The Exponential distribution

Description

Raw moments for the exponential distribution.

Usage

mexp(r = 0, truncation = 0, rate = 1, lower.tail = TRUE)

Arguments

r

rth raw moment of the distribution, defaults to 1.

truncation

lower truncation parameter, defaults to 0.

rate

rate of the distribution with default values of 1.

lower.tail

logical; if TRUE (default), moments are E[x^r|X \le y], otherwise, E[x^r|X > y]

Details

Probability and Cumulative Distribution Function:

f(x) = \frac{1}{s}e^{-\frac{\omega}{s}} , \qquad F_X(x) = 1-e^{-\frac{\omega}{s}}

The y-bounded r-th raw moment of the distribution equals:

s^{\sigma_s - 1} \Gamma\left(\sigma_s +1, \frac{y}{s} \right)

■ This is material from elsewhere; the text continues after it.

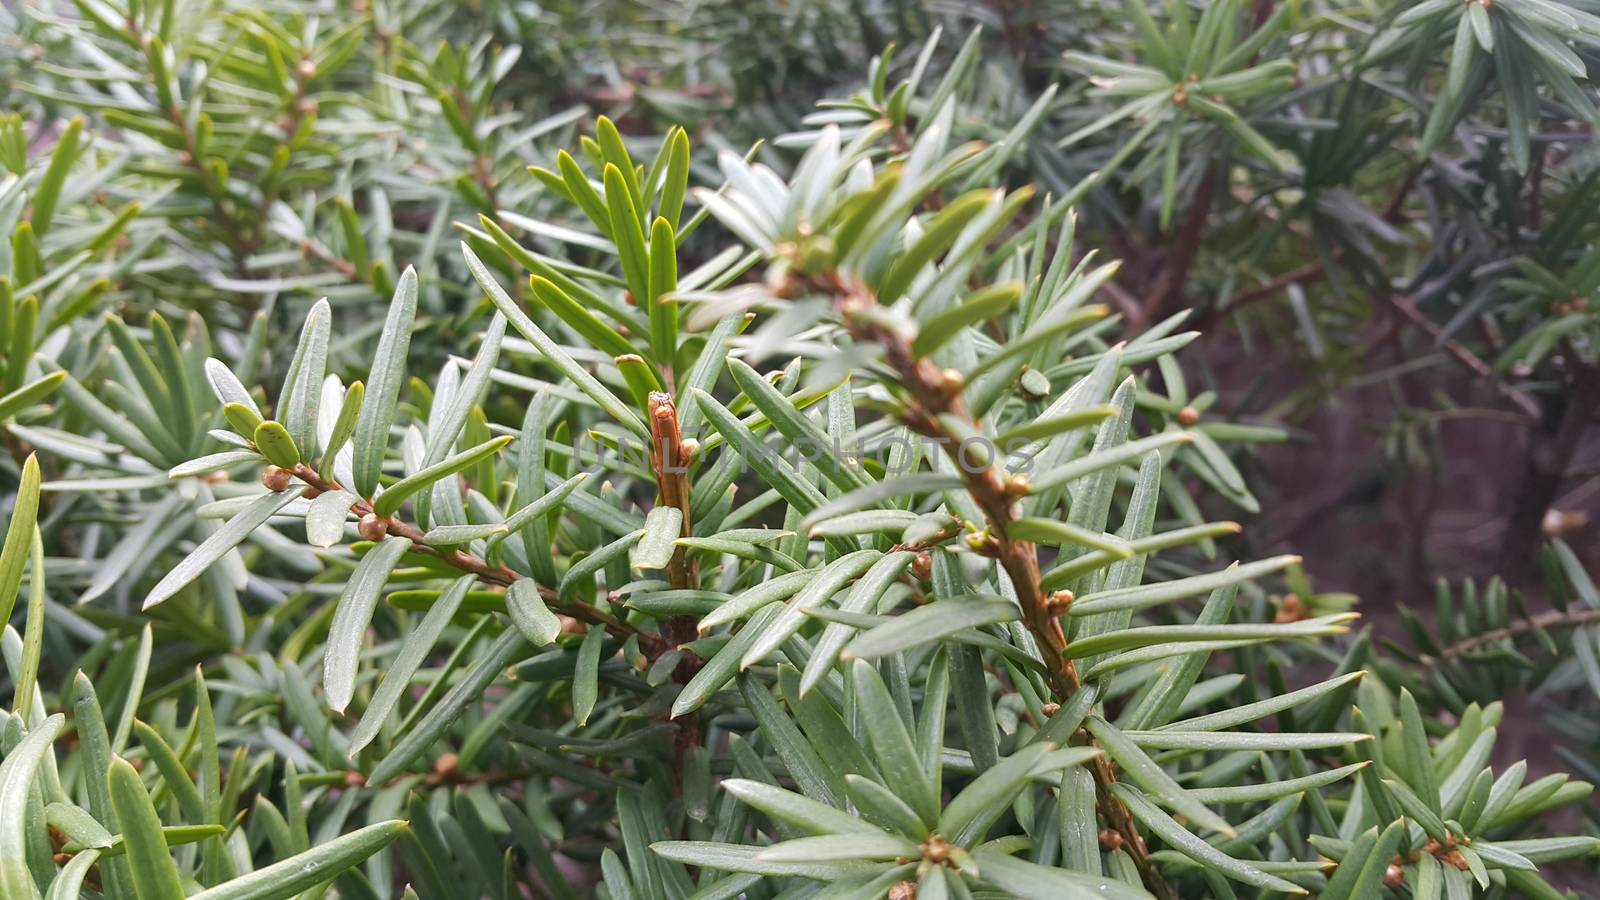 Green leaves of Taxus baccata, European yew which is conifer shrub with poisonous and bitter red ripened berry fruits.

where \Gamma(,) denotes the upper incomplete gamma function.

Value

Returns the truncated rth raw moment of the distribution.

Examples


## The zeroth truncated moment is equivalent to the probability function
pexp(2, rate = 1)
mexp(truncation = 2)

## The (truncated) first moment is equivalent to the mean of a (truncated) random sample,
#for large enough samples.
x <- rexp(1e5, rate = 1)
mean(x)
mexp(r = 1, lower.tail = FALSE)

sum(x[x > quantile(x, 0.1)]) / length(x)
mexp(r = 1, truncation = quantile(x, 0.1), lower.tail = FALSE)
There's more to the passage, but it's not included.